Letting Ukraine hit Russian territory with ATACMS is like the fourth or fifth expansion of how they're permitted to use that weapons system so far, as was giving them ATACMS in the first place after HIMARS (which saw a similar set of gradually reduced limitations; https://www.defensenews.com/land/2022/07/08/us-to-send-more-...).

> And, backtracking, how aware have you been about the situation in Ukraine, or baltic sea infrastructure, in the past few months (even year), compared to the last week? Just a marginal increment, no doubt.

I've closely followed the situation in Ukraine since Euromaidan.

jacknews 5 days ago | parent [-]

"I'd first reject the use of the term "red line" entirely"

No doubt, but the fact is the US told Ukraine they couldn't use ATACMS to target Russia, and now, they can.

And it's really more than an incremental change in US involvement in the war.

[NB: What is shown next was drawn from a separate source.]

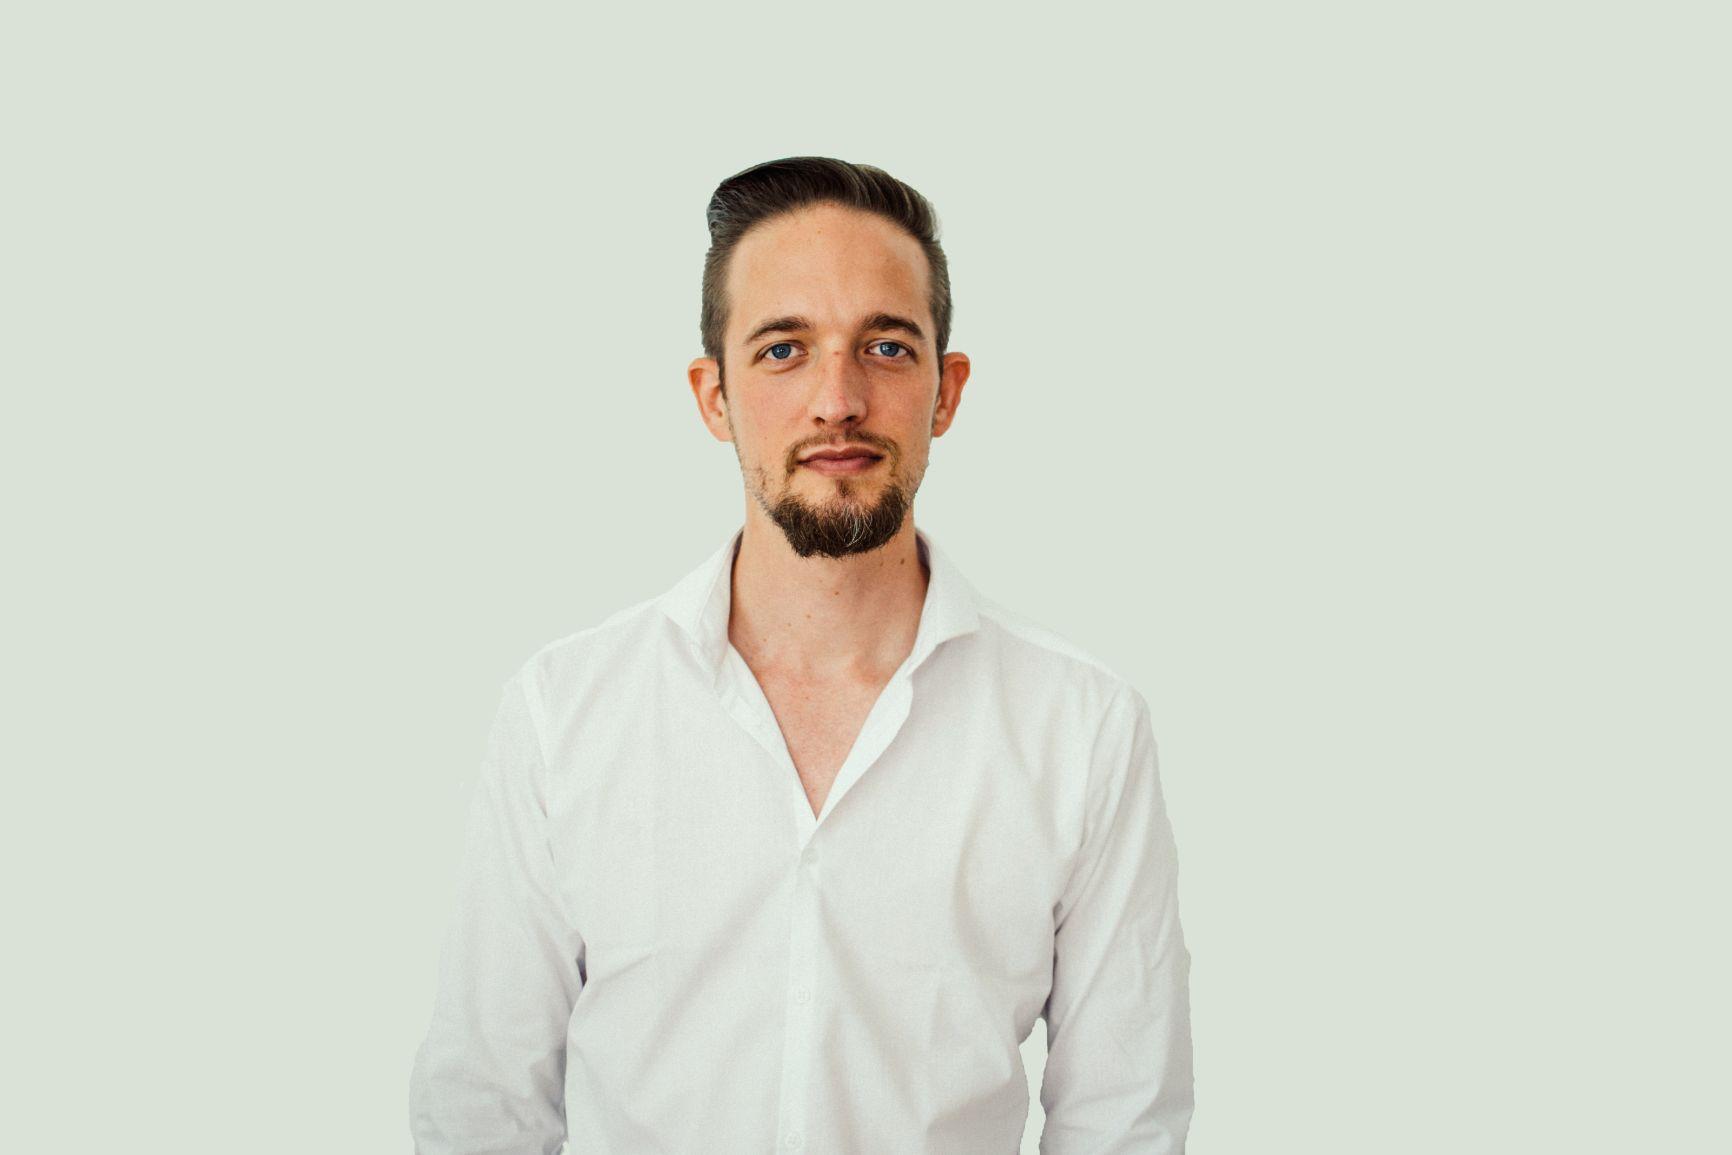 Dr. Christoph Berdenich, BSc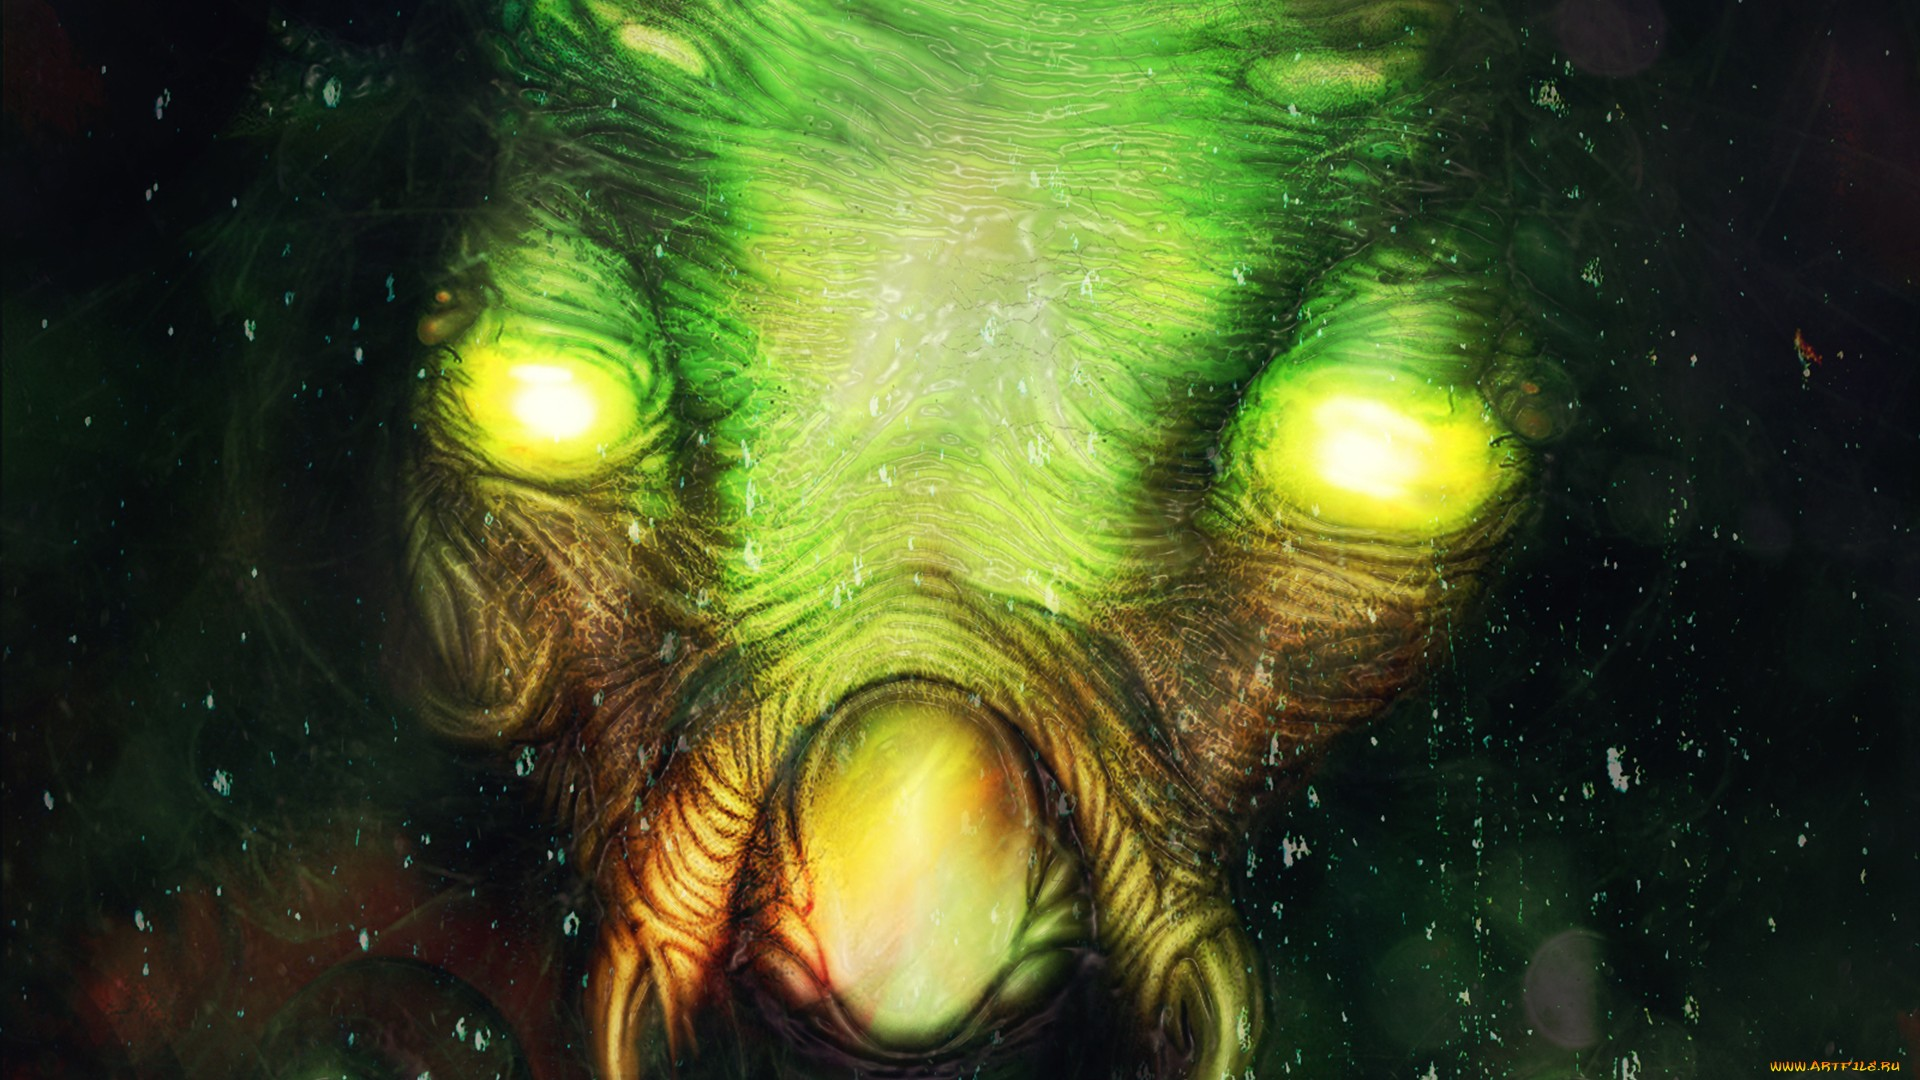 Alien Full HD Papel De Parede And Planos De Fundo

The fact that Ukrainians are supposedly operating these weapons is almost incidental.

ceejayoz 5 days ago | parent [-]

I tell my kids they can’t play on their phones yet. They have homework to do.

It would be silly to claim, that evening, that I violated my own red line by letting them have phone time after dinner.

You continue to mix up “not now” and “not ever”.

jacknews 4 days ago | parent [-]

But they didn't say you can't play on your phones yet.

They said you may not use phones for social media. At all.

And then changed their mind.

aguaviva 6 days ago | parent | prev [-]

Here is a BBC article from 2 DAYS AGO that basically says what I'm saying

Which says nothing at all about the conflict being "a proxy war".

jacknews 6 days ago | parent [-]

nitpick.

It exactly states that Biden might be stirring things up in anticipation of Trump sueing for a freeze.

aguaviva 6 days ago | parent [-]

Which still says nothing about the conflict being fundamentally a proxy war.

jacknews 5 days ago | parent [-]

I mean the fact that the US is dictating what can and cannot happen in the war makes is a proxy war almost by definitiion.

aguaviva 5 days ago | parent [-]

But the article itself addresses only the context of ATACMS. Not whether the US is "dictating what can and cannot happen in the war" generally.

Either way -- according the definition in Wikipedia, it is a proxy because one side is strongly supported by an external power. Sounds reasonable, and I can go with it (on at least a technical basis).

Where people go wrong (not saying you here) is when they accept the term "proxy war" and assume (or insinuate) that it means or supports the idea that Ukraine is simply a puppet state, not really fighting out of its own motivations.